Task goal: Only the lines from the one with "CBSE Compartment Exam" to the end of the data below should be given again, exactly, with both ends included and pictures omitted.

Dataset content:
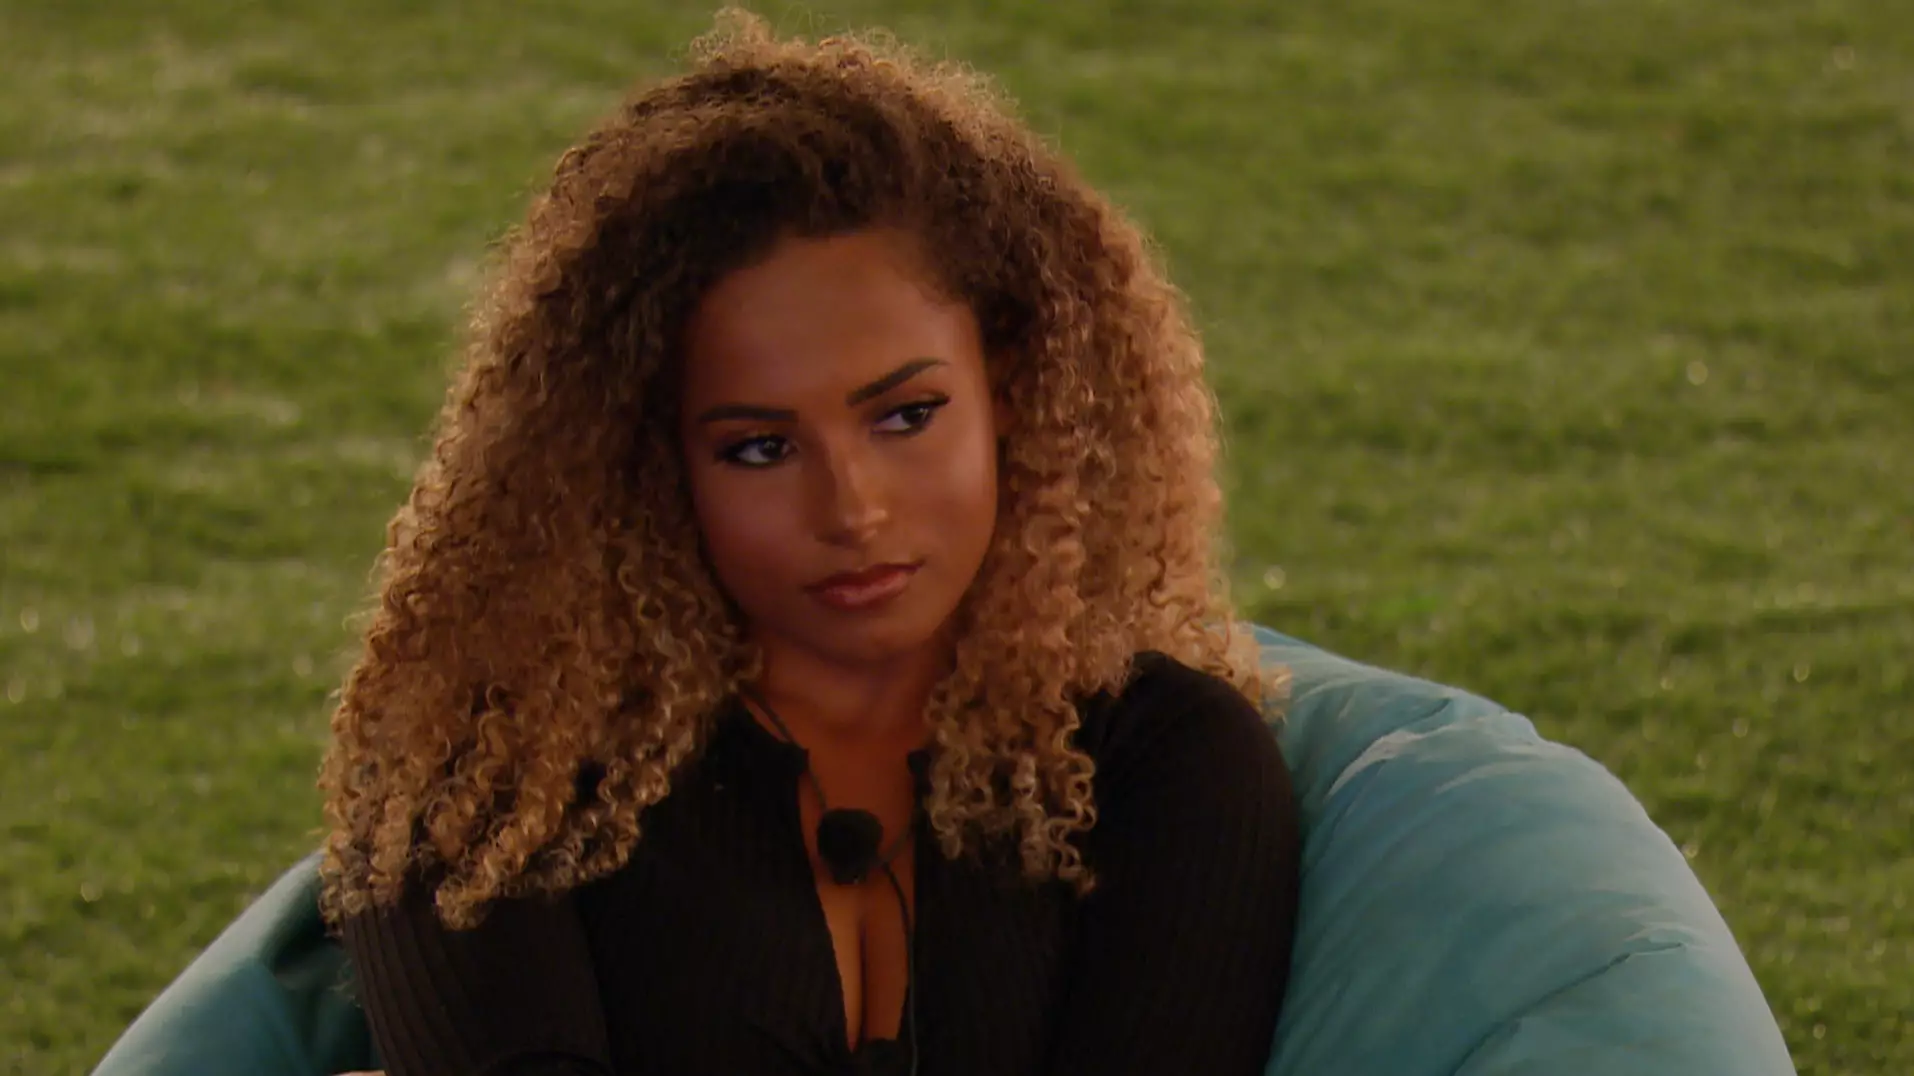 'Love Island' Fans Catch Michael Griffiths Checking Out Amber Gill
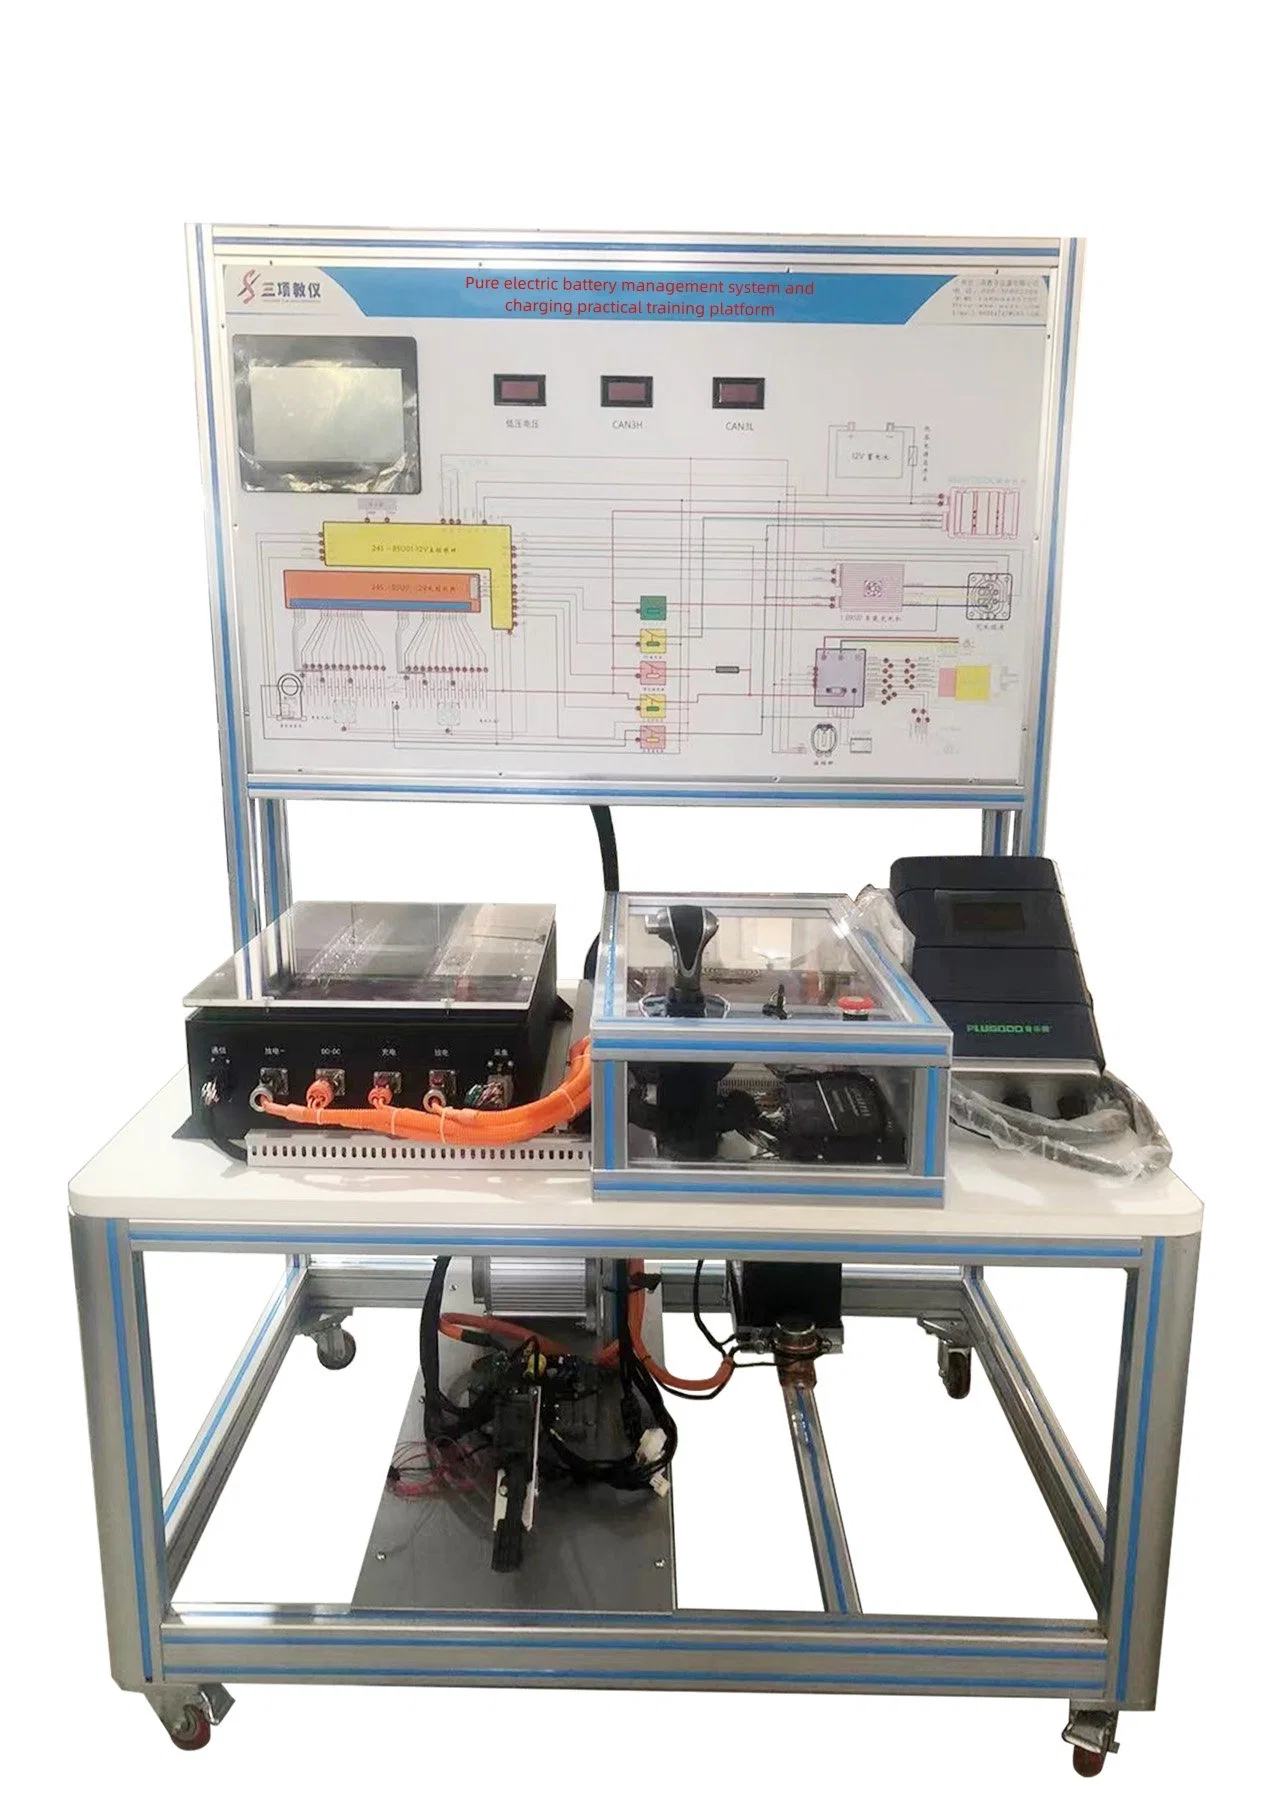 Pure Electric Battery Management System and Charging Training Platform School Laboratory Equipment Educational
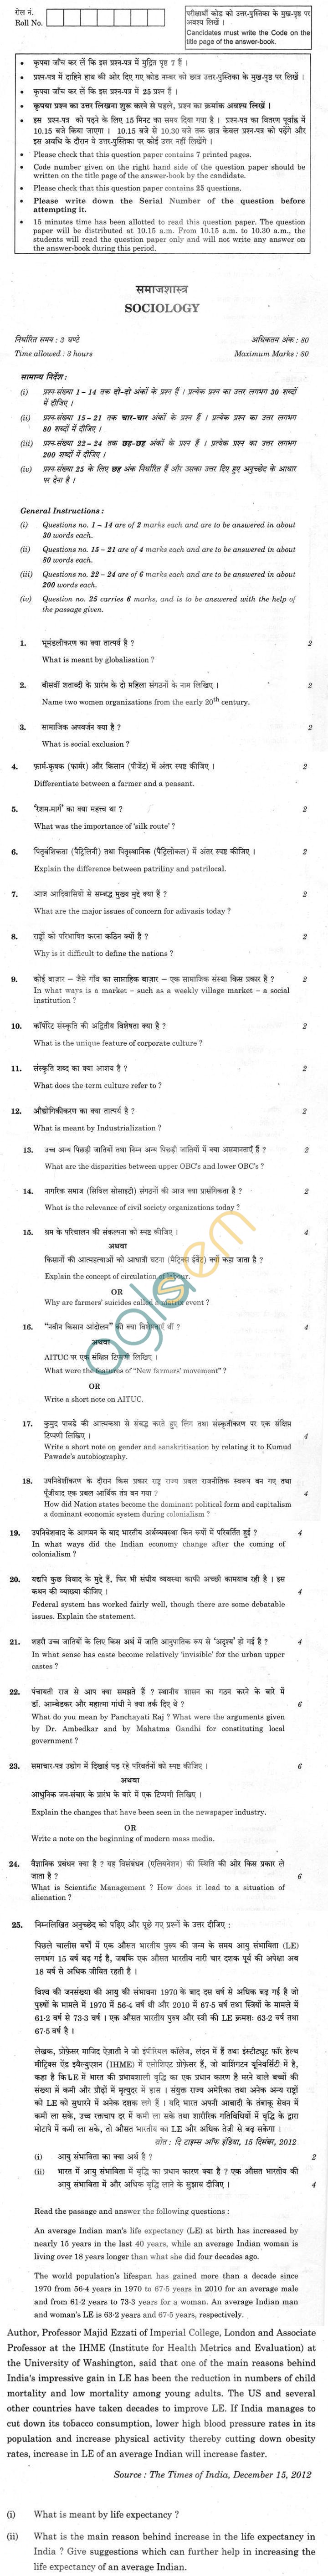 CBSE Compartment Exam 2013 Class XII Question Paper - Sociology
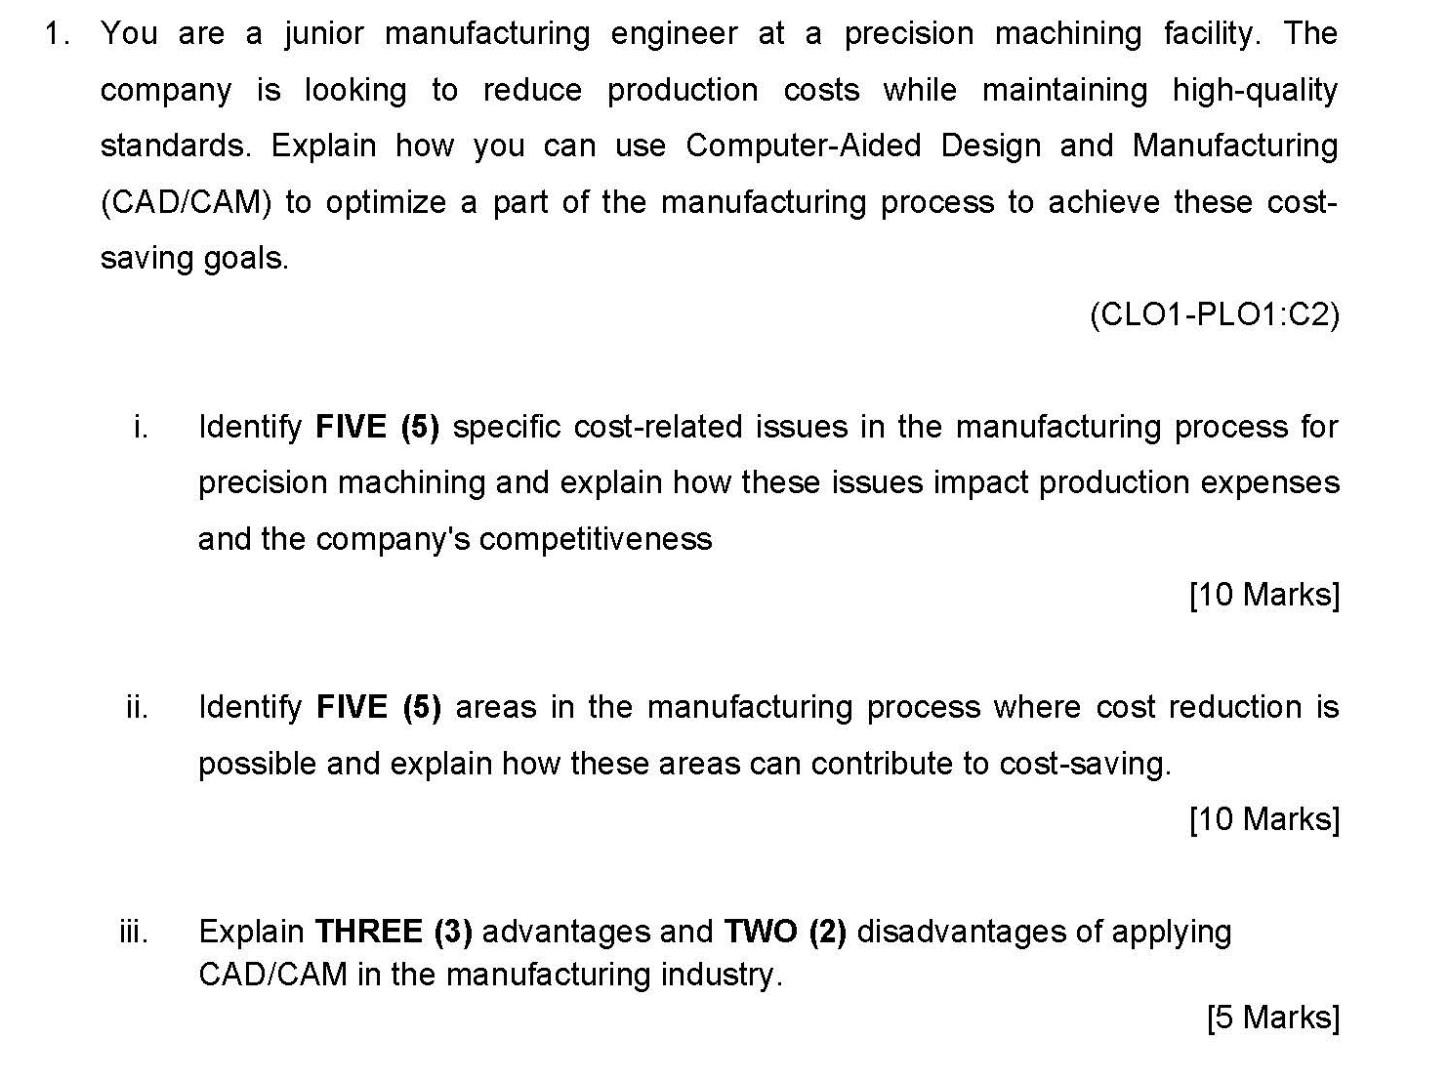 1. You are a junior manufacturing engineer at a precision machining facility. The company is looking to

Reply to the task:
 CBSE Compartment Exam 2013 Class XII Question Paper - Sociology
 1. You are a junior manufacturing engineer at a precision machining facility. The company is looking to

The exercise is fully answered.